I am writing to call your attention to the referenced patent. . . . This patent was recently acquired by Acceleron, and relates to Blade Servers.
We would like an opportunity to discuss this patent with you. In order to provide a productive atmosphere in which we can do so, we ask that you agree that all information exchanged between the parties will not be used for any litigation purposes whatsoever, including but not limited to any claim that Acceleron has asserted any rights against any of your ongoing or planned activities, or otherwise created any actual case or controversy regarding the enclosed patent.

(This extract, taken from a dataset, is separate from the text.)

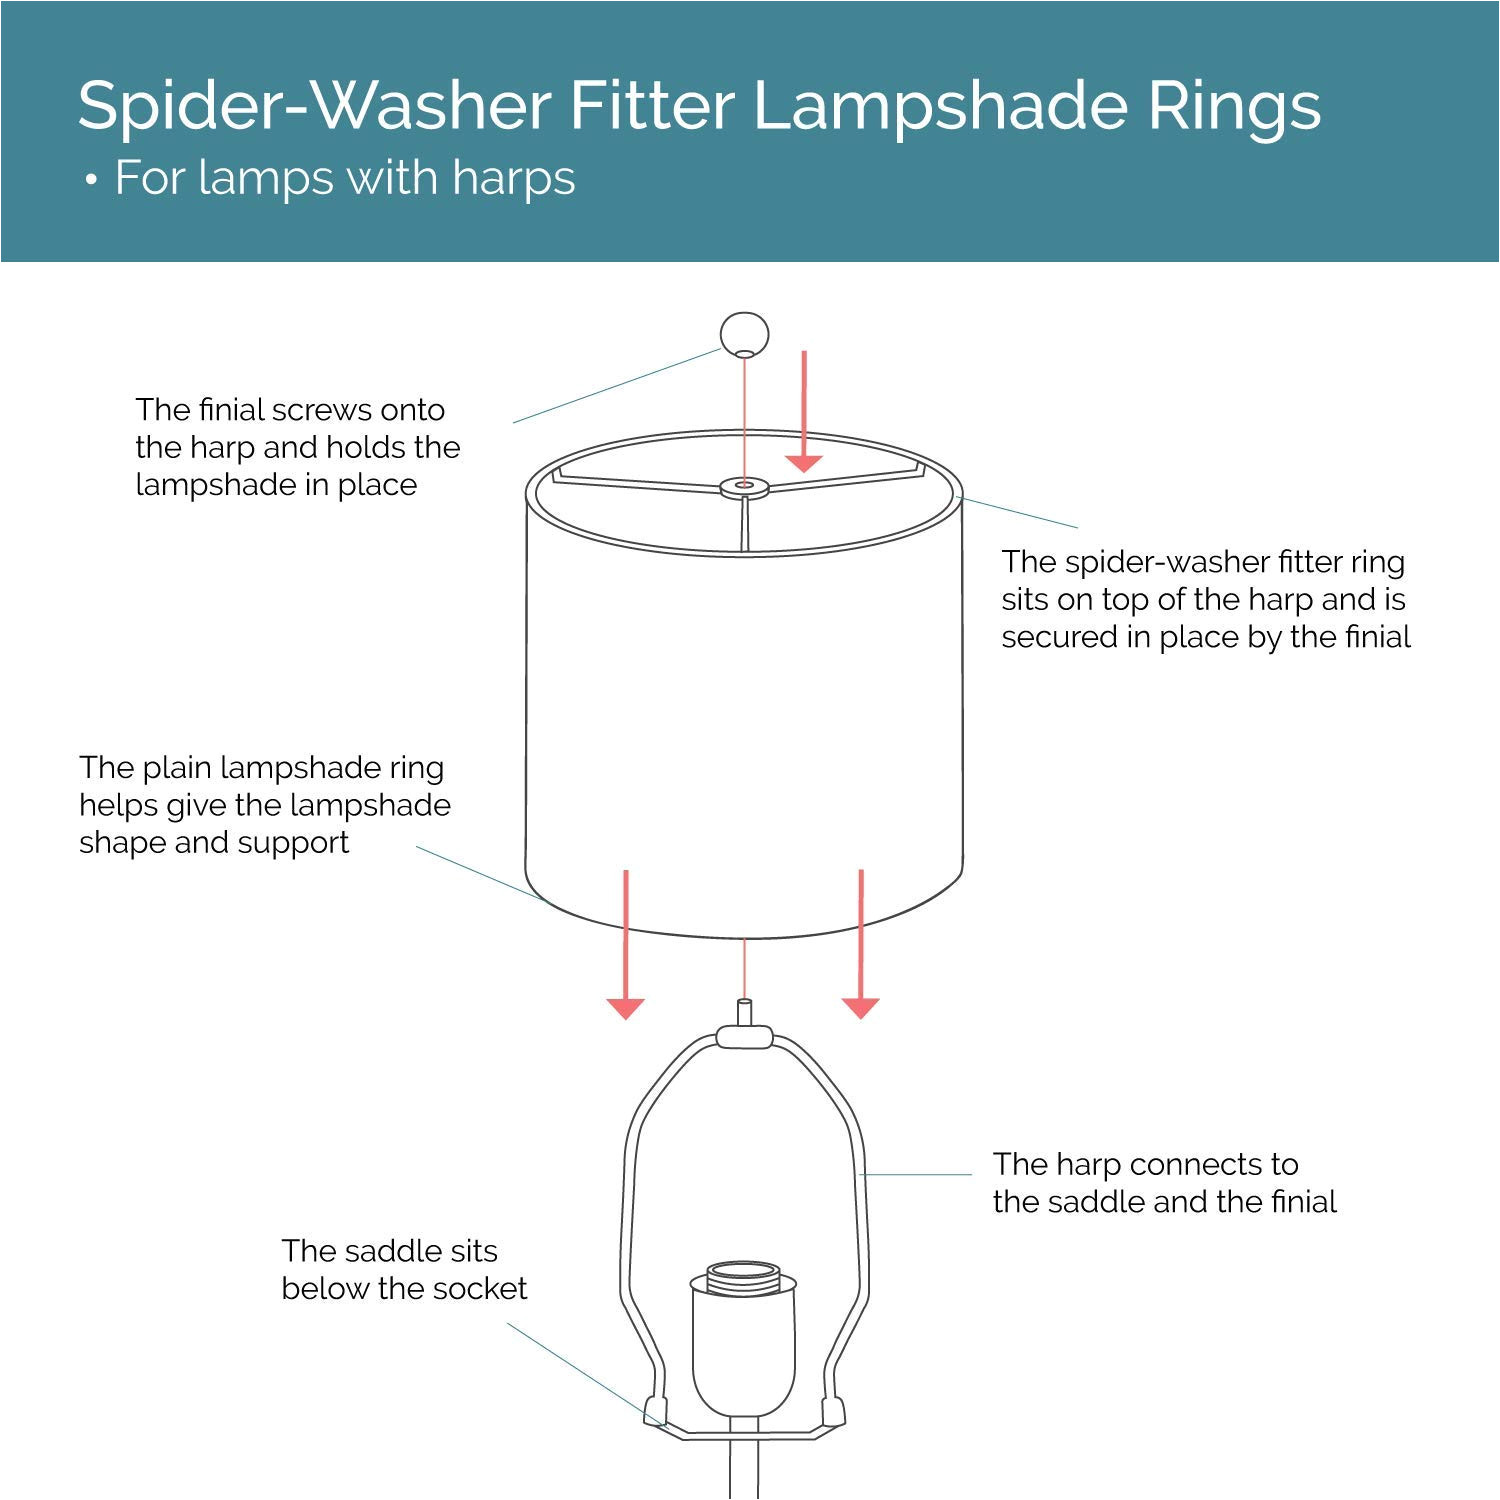 lamp shade ring set to make a diy drum ring lamp shade us style spider fitter that connects to lamp harps strong galvanized steel ring for lamp shade

Should you wish to engage in discussions regarding this patent with us, please return an executed copy of this letter to me in the enclosed stamped, self-addressed envelope. When we receive your acknowledgement, we will send you a package of information relating to this patent. I will look for your response by September 28, 2007, and if I do not hear from you by that time, I will assume you have no interest in discussing this patent.
. . . .
(2) HP: On Appeal
On review of the district court's dismissal of HP's suit, the Federal Circuit reminded that a court has subject matter jurisdiction under the Declaratory Judgment Act only if the facts alleged, under all the circumstances, show that there is a substantial controversy, between parties having adverse legal interests, of sufficient immediacy and reality to warrant the issuance of a declaratory judgment. In patent cases, declaratory judgment jurisdiction exists where a patentee asserts rights under a patent based on certain identified ongoing or planned activity of another party, and where that party contends that it has the right to engage in the accused activity without license. A communication from a patent owner to another party, merely identifying its patent and the other party's product line, without more, cannot establish adverse legal interests between the parties, let alone the existence of a “definite and concrete” dispute. More is required to establish declaratory judgment jurisdiction. The purpose of a declaratory judgment action cannot be defeated simply by the stratagem of a correspondence that avoids the magic words such as “litigation” or “infringement.” Of course, if a party has actually been charged with infringement of the patent, there is, necessarily, a case or controversy adequate to support declaratory judgment jurisdiction. The Federal Circuit opined that it is implausible (especially after MedImmune and several post-MedImmune decisions from the Federal Circuit) to expect that a competent lawyer drafting such correspondence for a patent owner would identify specific claims, present claim charts, and explicitly allege infringement.